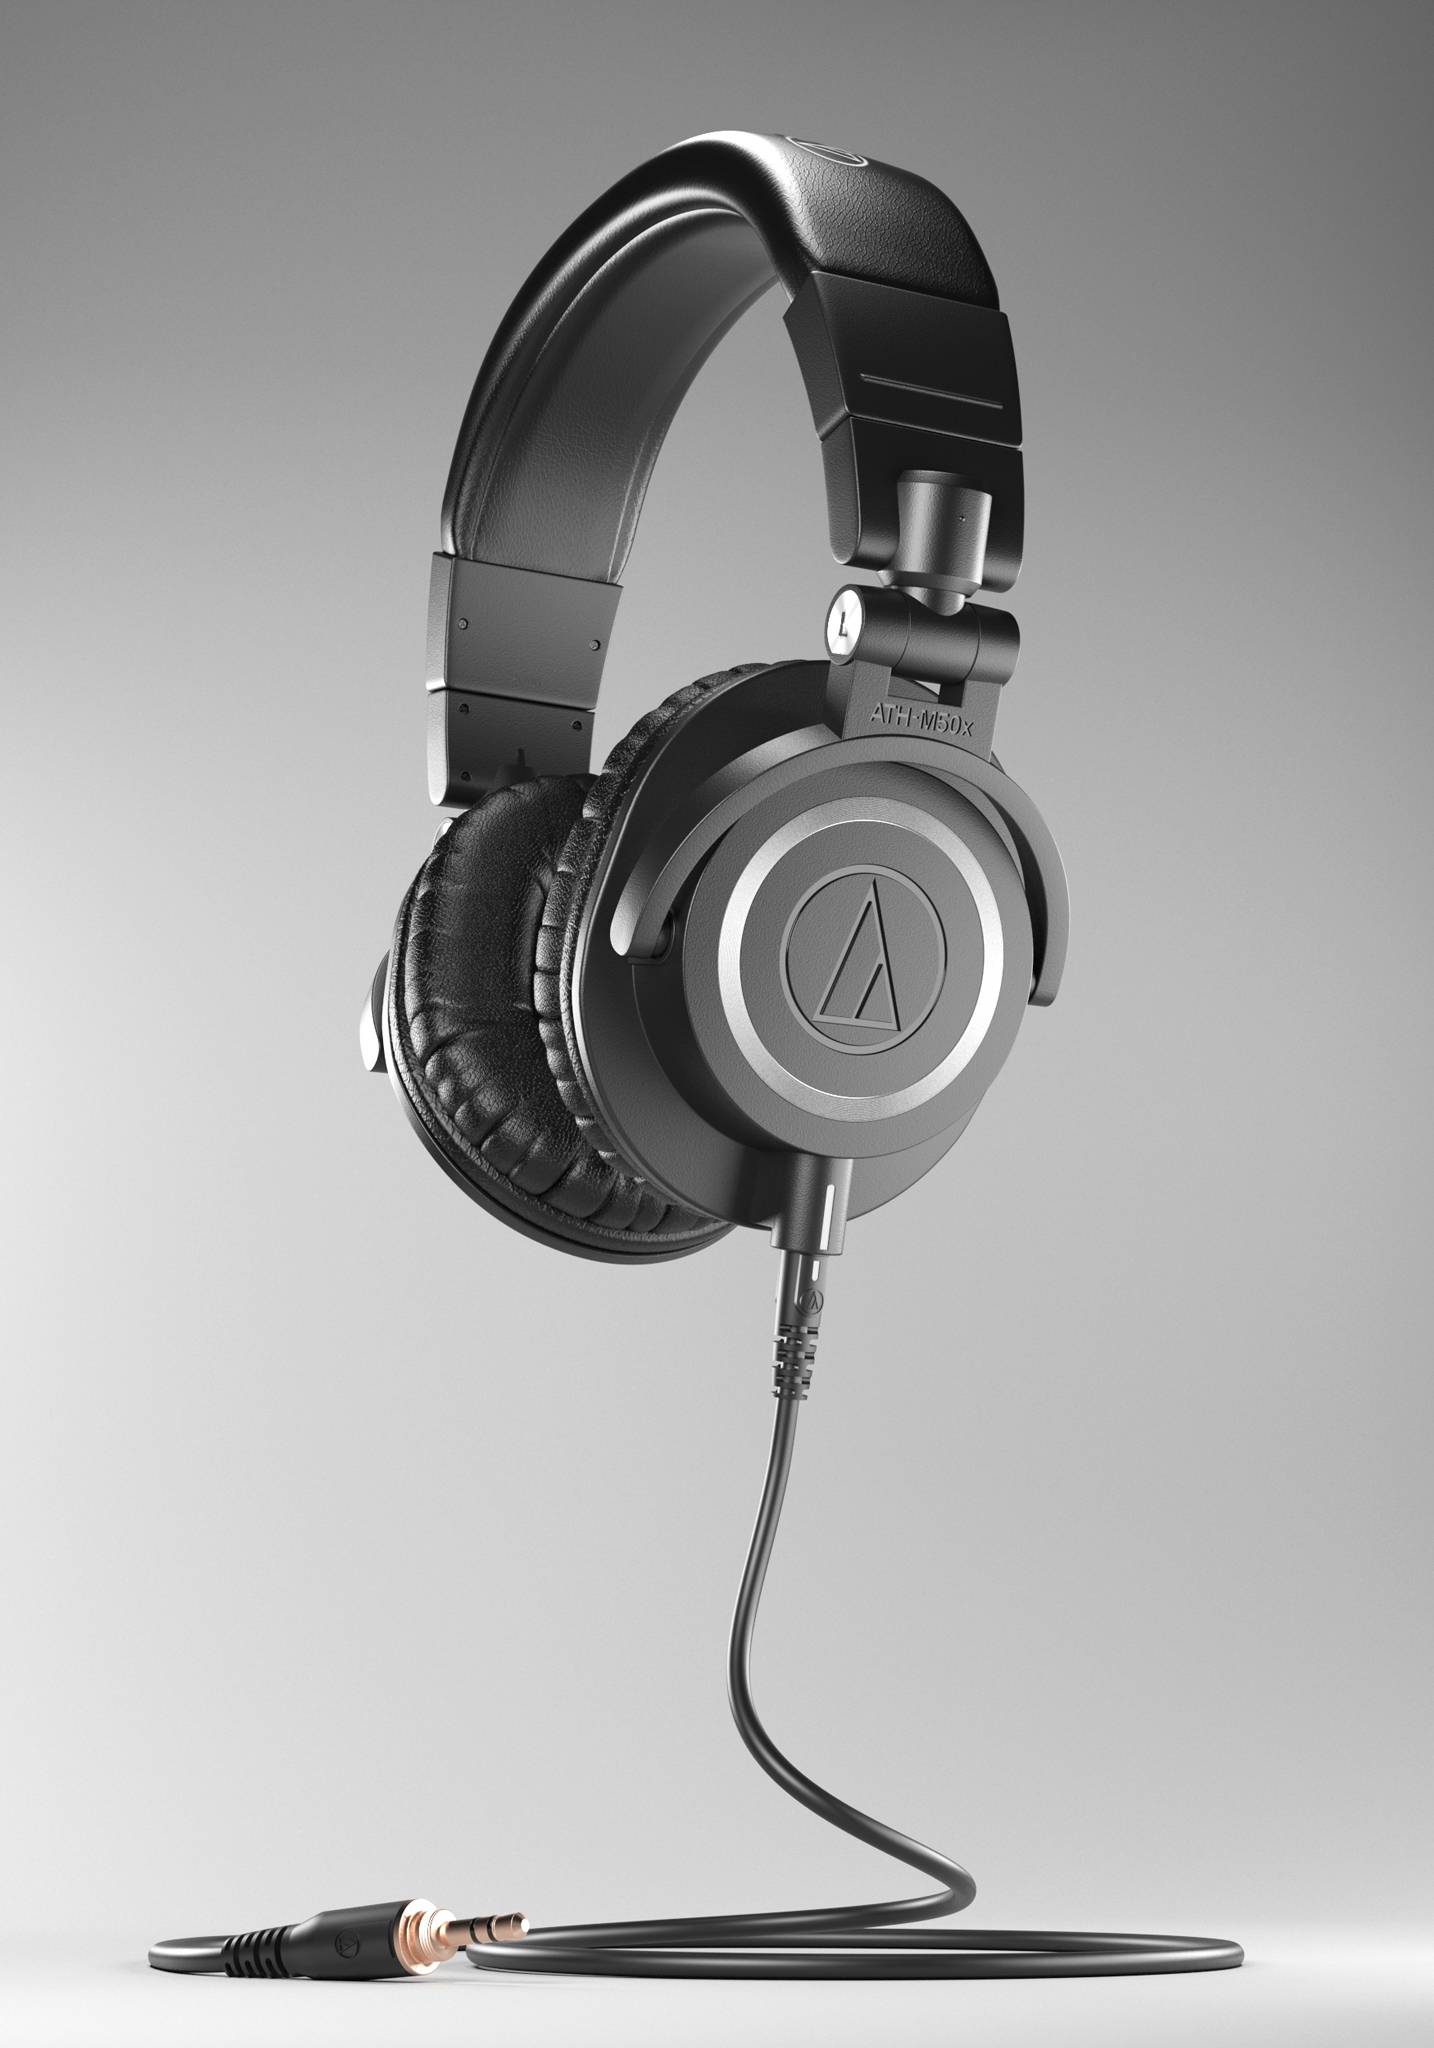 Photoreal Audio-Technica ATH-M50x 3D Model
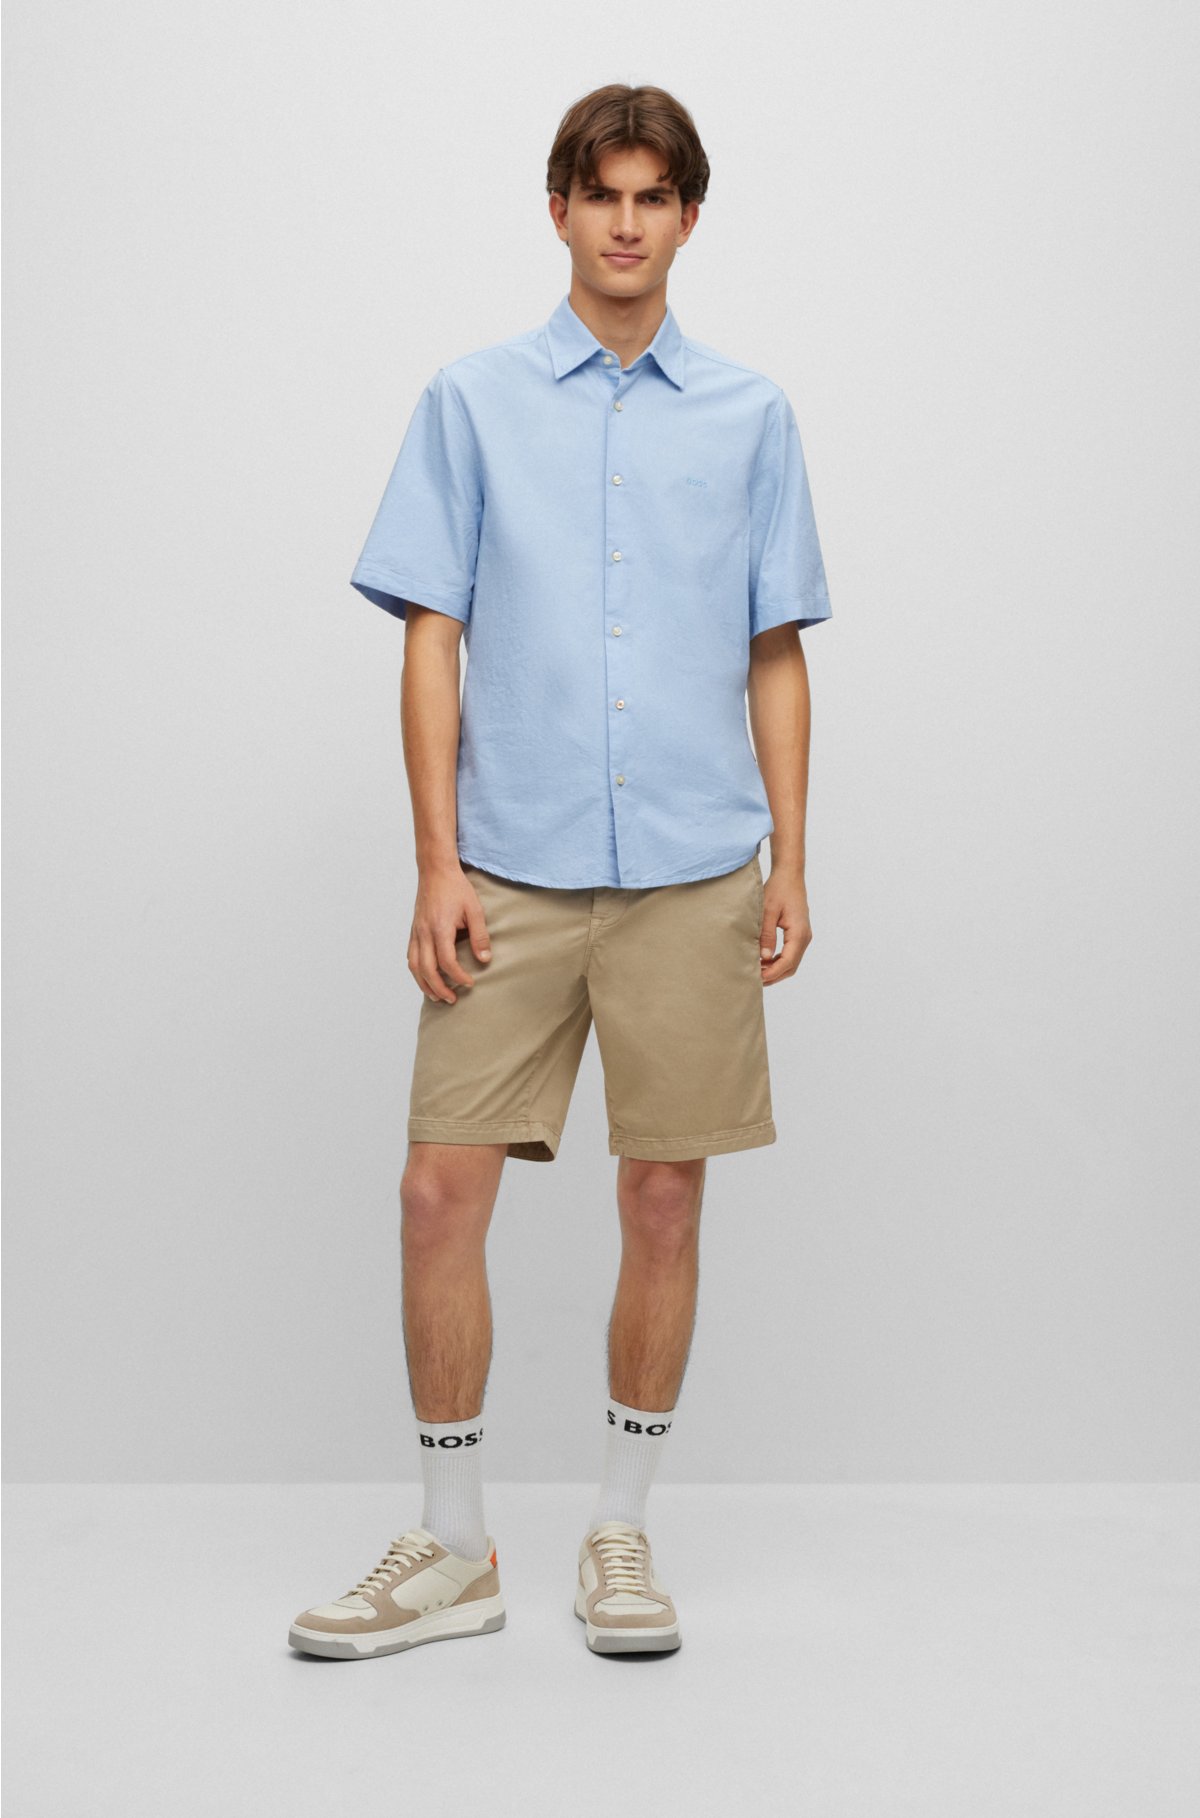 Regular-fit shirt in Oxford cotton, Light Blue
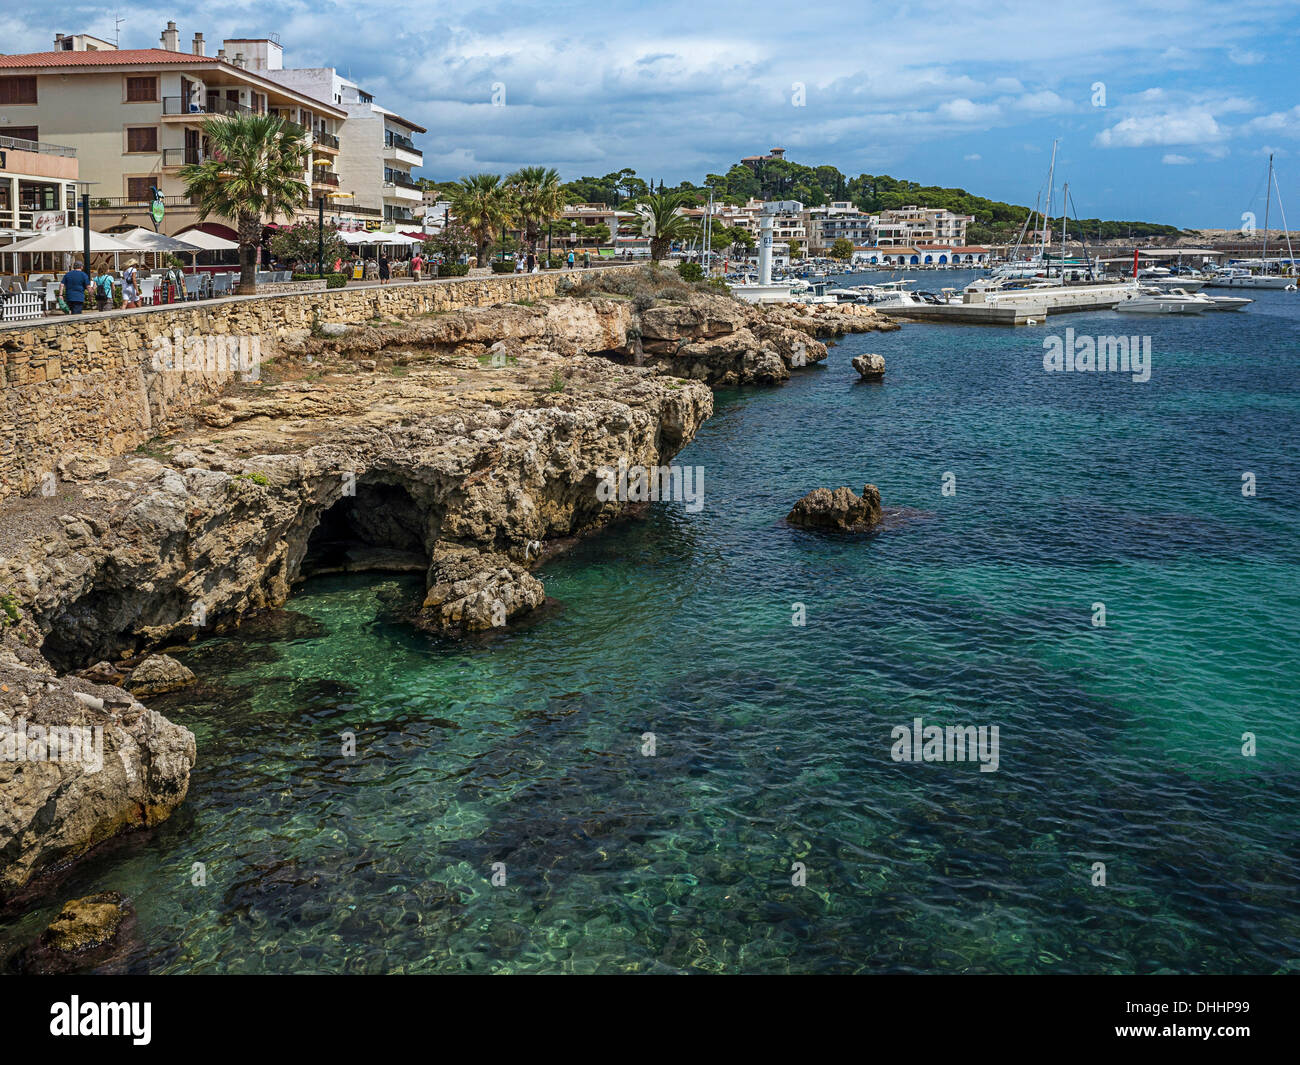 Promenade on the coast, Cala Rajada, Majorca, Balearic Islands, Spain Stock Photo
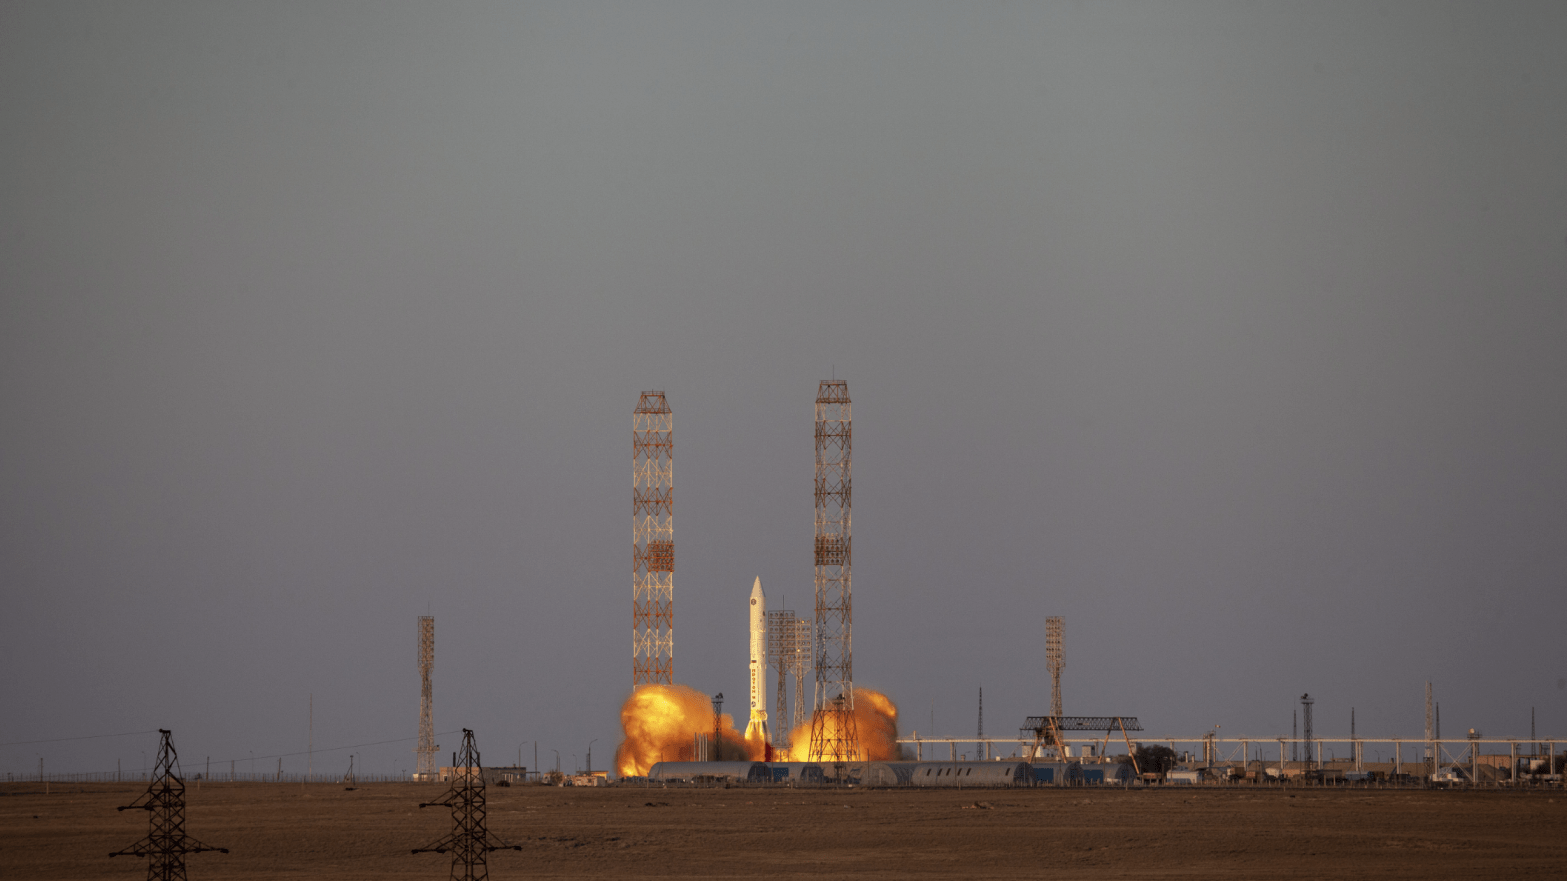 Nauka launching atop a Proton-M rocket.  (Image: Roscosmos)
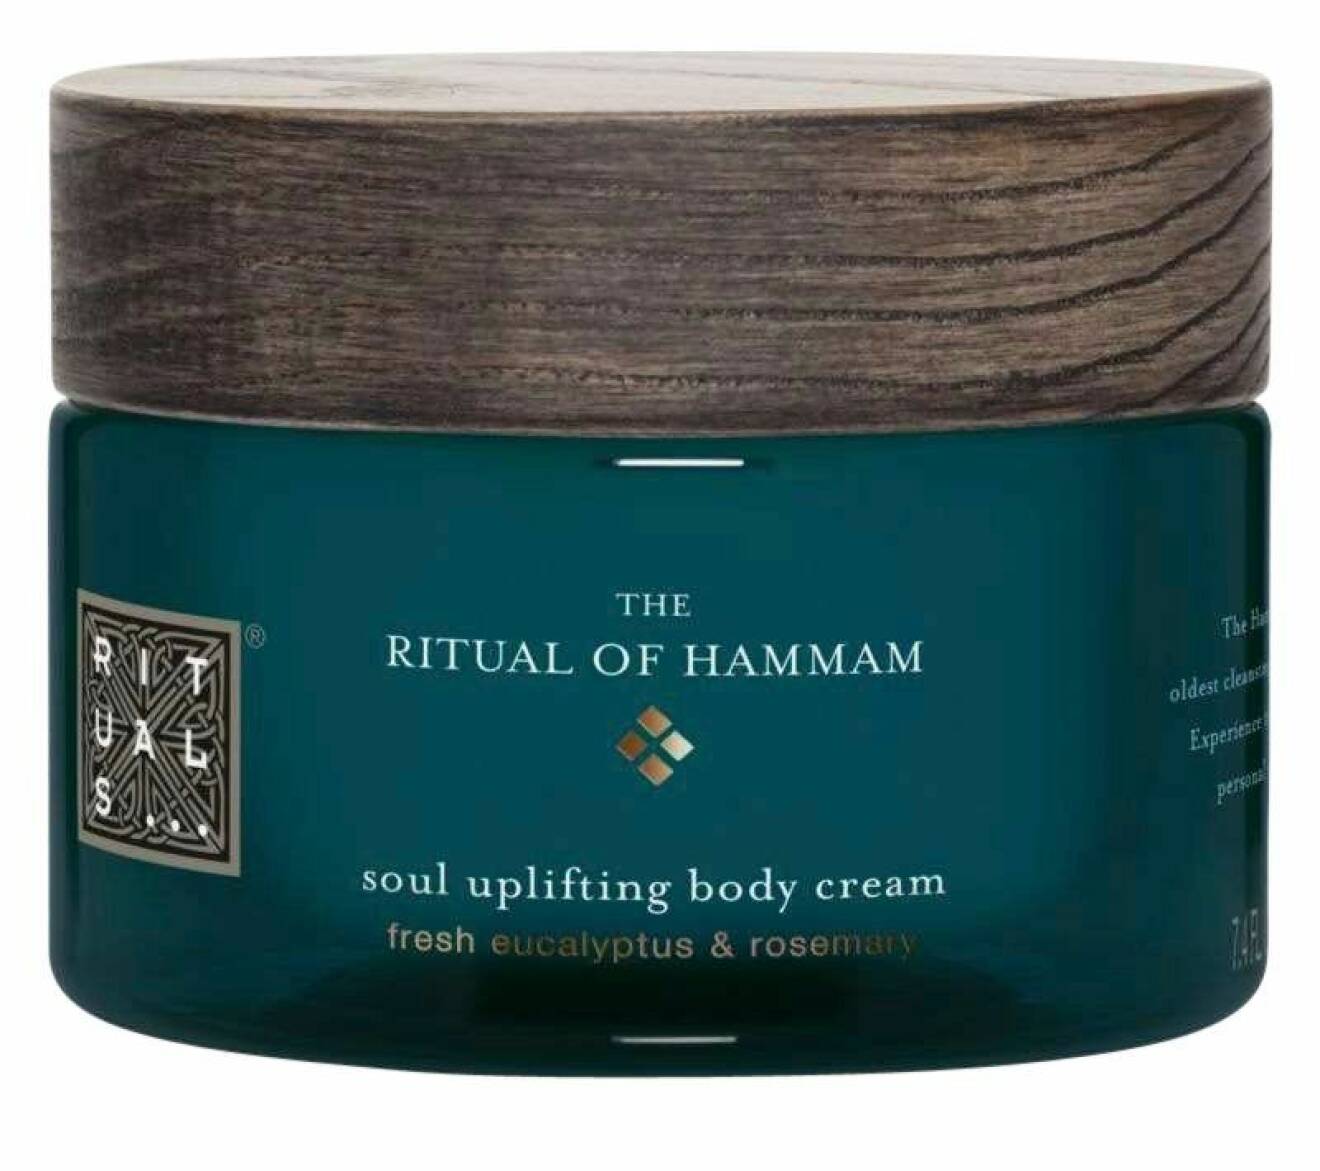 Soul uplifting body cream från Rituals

◆ ◆ ◆ ◆ ◆

▶ [The task] The line containing "Promenade on the" and each line after it through the end of the listing above are to be written out exactly, without the pictures.

▶ [Exercise output]
 Promenade on the coast, Cala Rajada, Majorca, Balearic Islands, Spain Stock Photo
 Nauka launching atop a Proton-M rocket.  (Image: Roscosmos)
 Soul uplifting body cream från Rituals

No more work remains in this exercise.